» **Task details**: Under this line are the records; repeat exactly the lines starting at the one containing "Paard Auto GraphicsKoop" and ending at the one containing "Bei der VRM", omitting pictures.

» **Data to process**:
»»

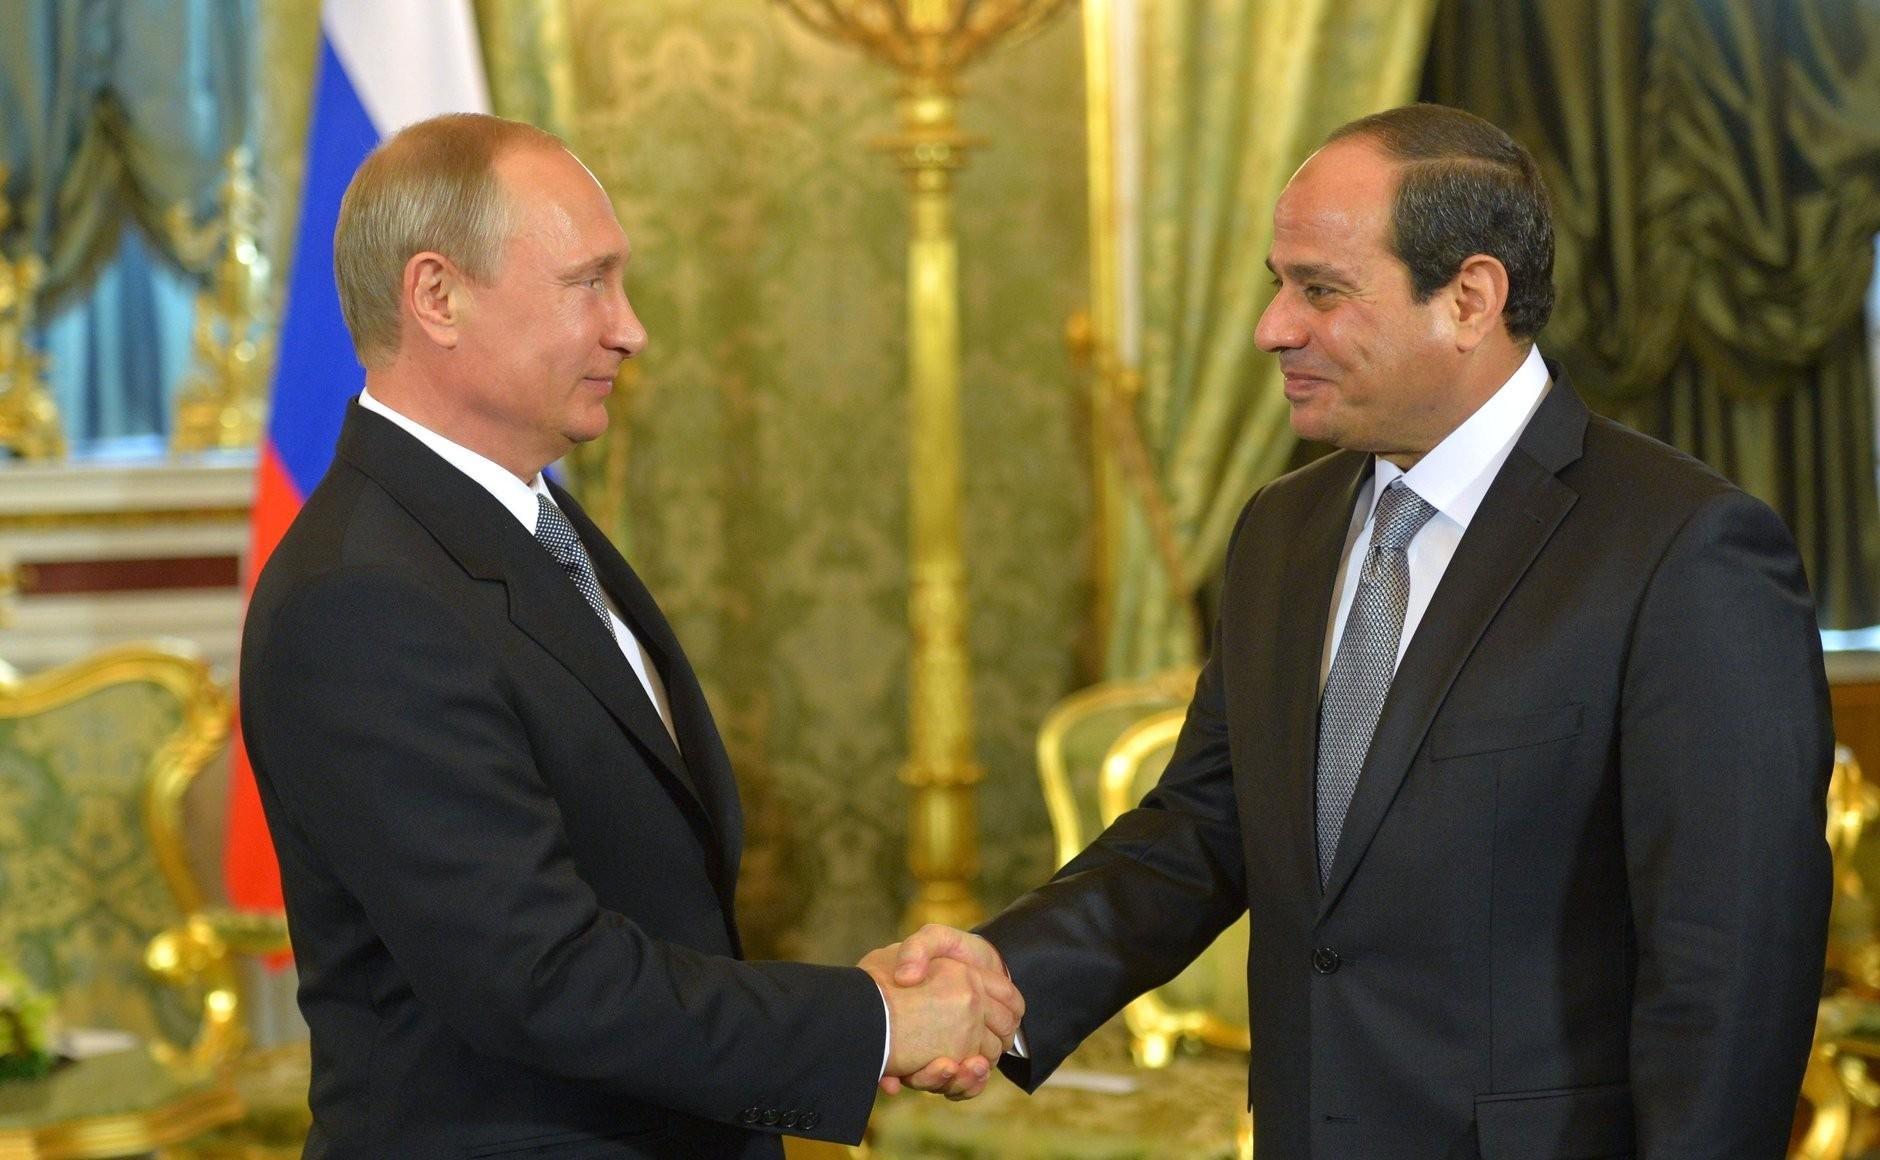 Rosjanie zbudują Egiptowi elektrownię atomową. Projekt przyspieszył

««
»»

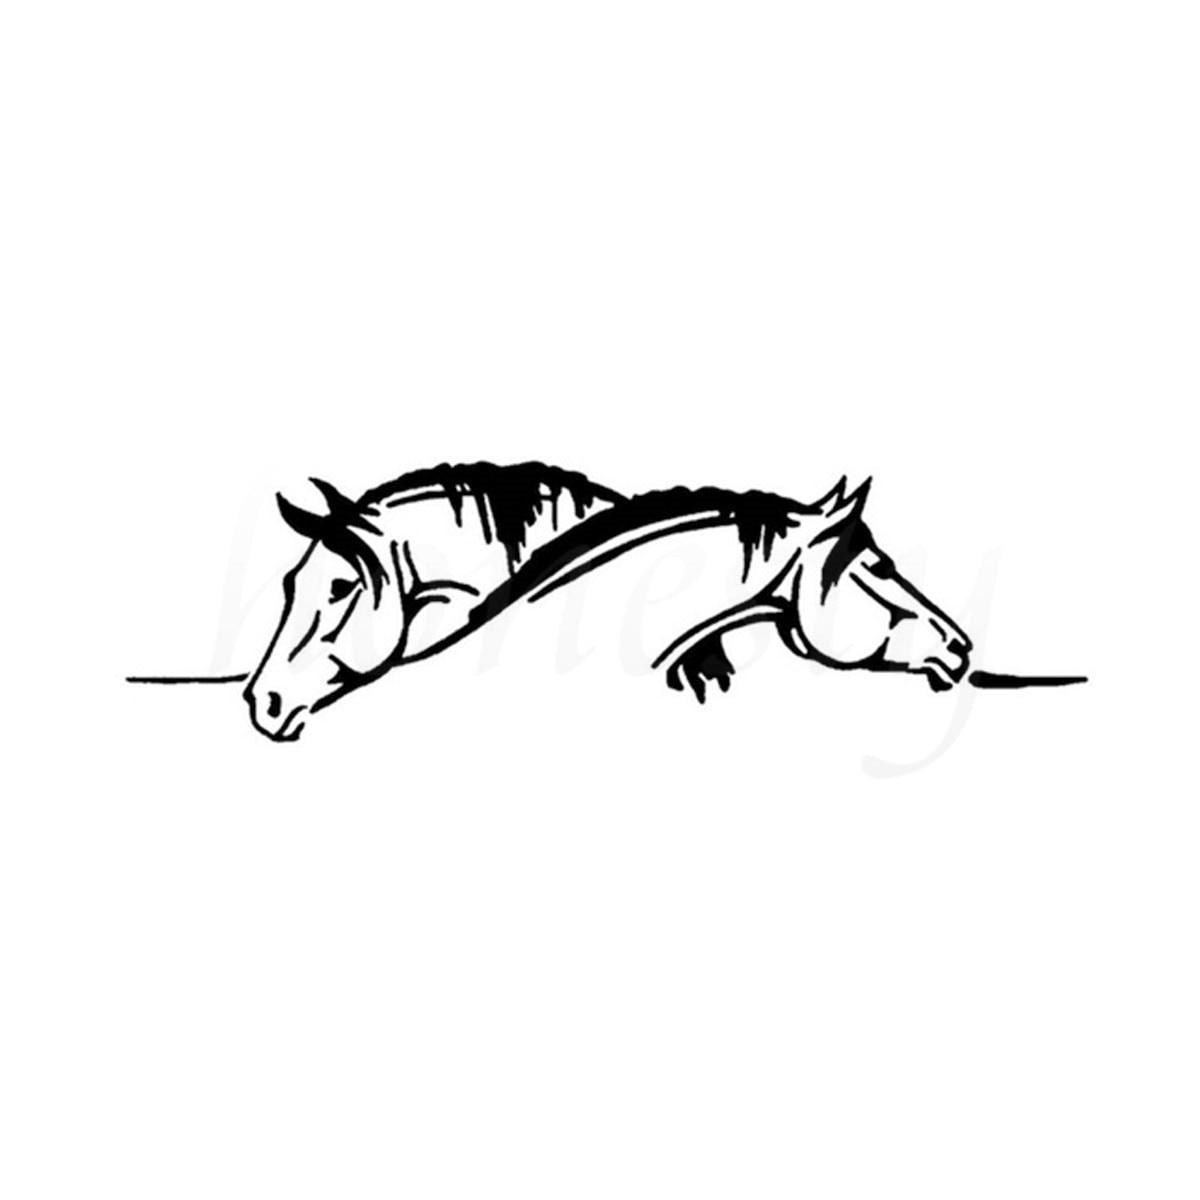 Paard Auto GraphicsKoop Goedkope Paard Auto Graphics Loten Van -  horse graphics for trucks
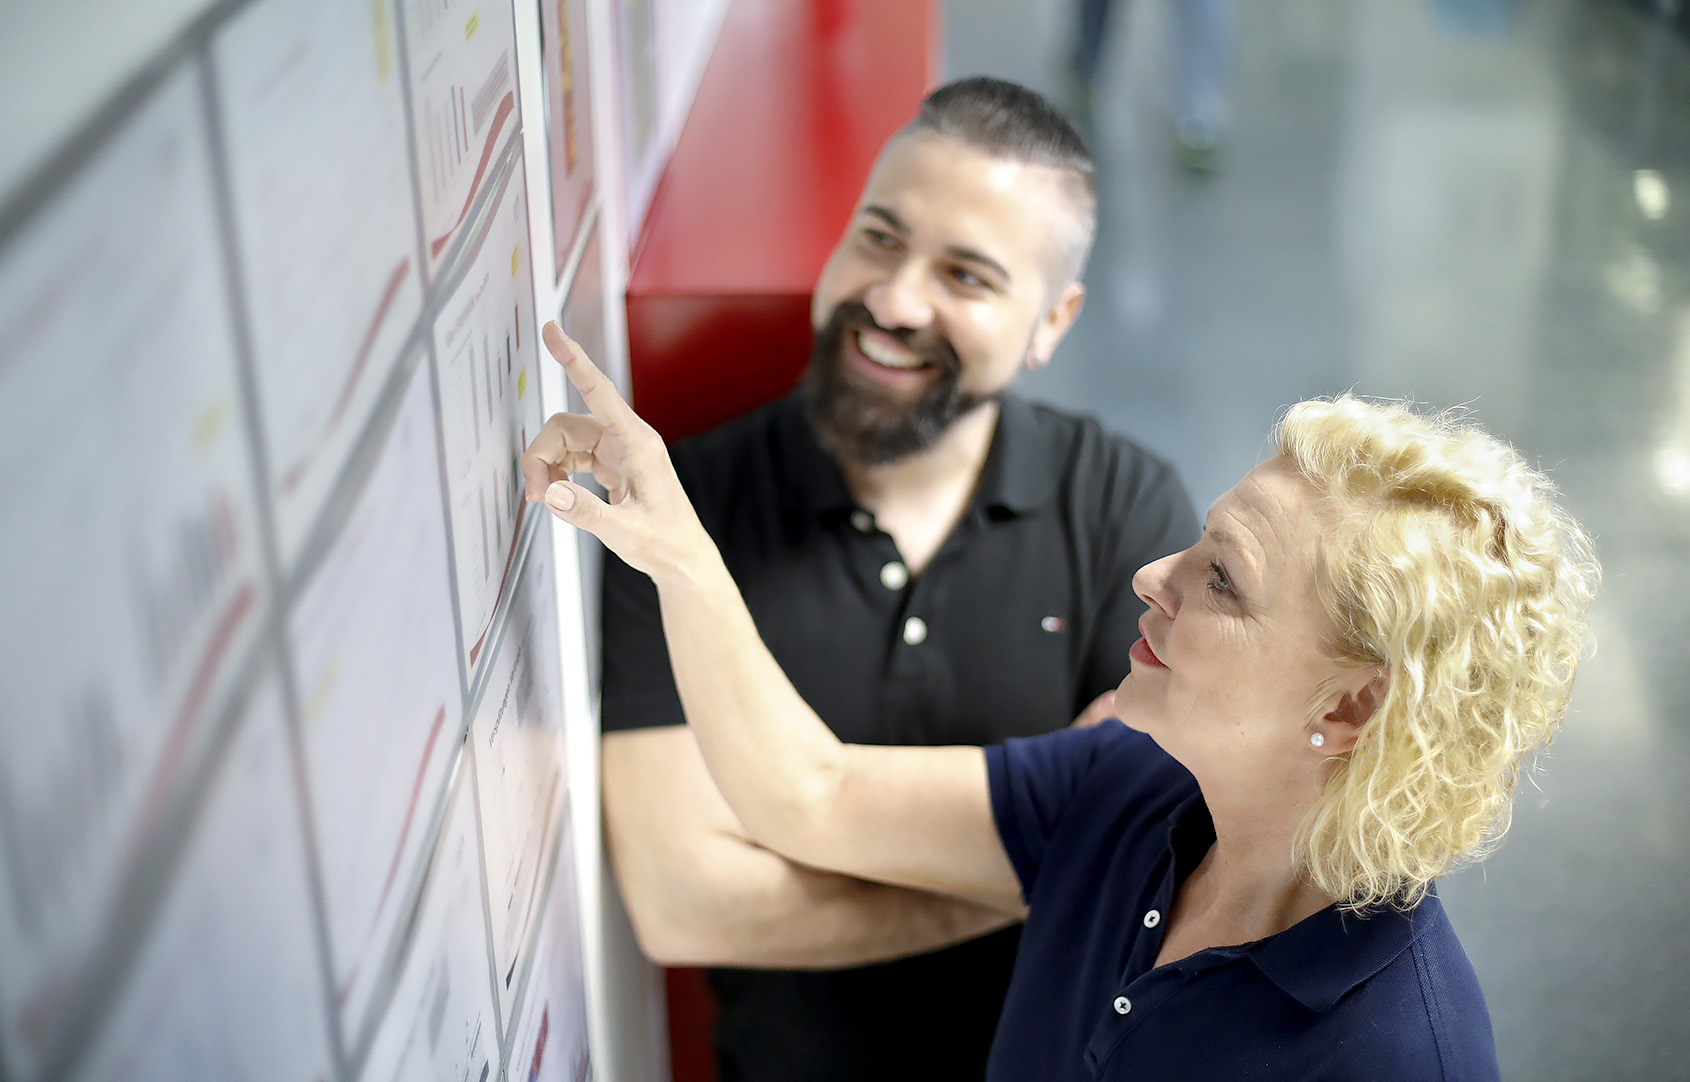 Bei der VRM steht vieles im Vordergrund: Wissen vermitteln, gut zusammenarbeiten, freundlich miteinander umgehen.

««

» **Reply**:
 Paard Auto GraphicsKoop Goedkope Paard Auto Graphics Loten Van -  horse graphics for trucks
 Bei der VRM steht vieles im Vordergrund: Wissen vermitteln, gut zusammenarbeiten, freundlich miteinander umgehen.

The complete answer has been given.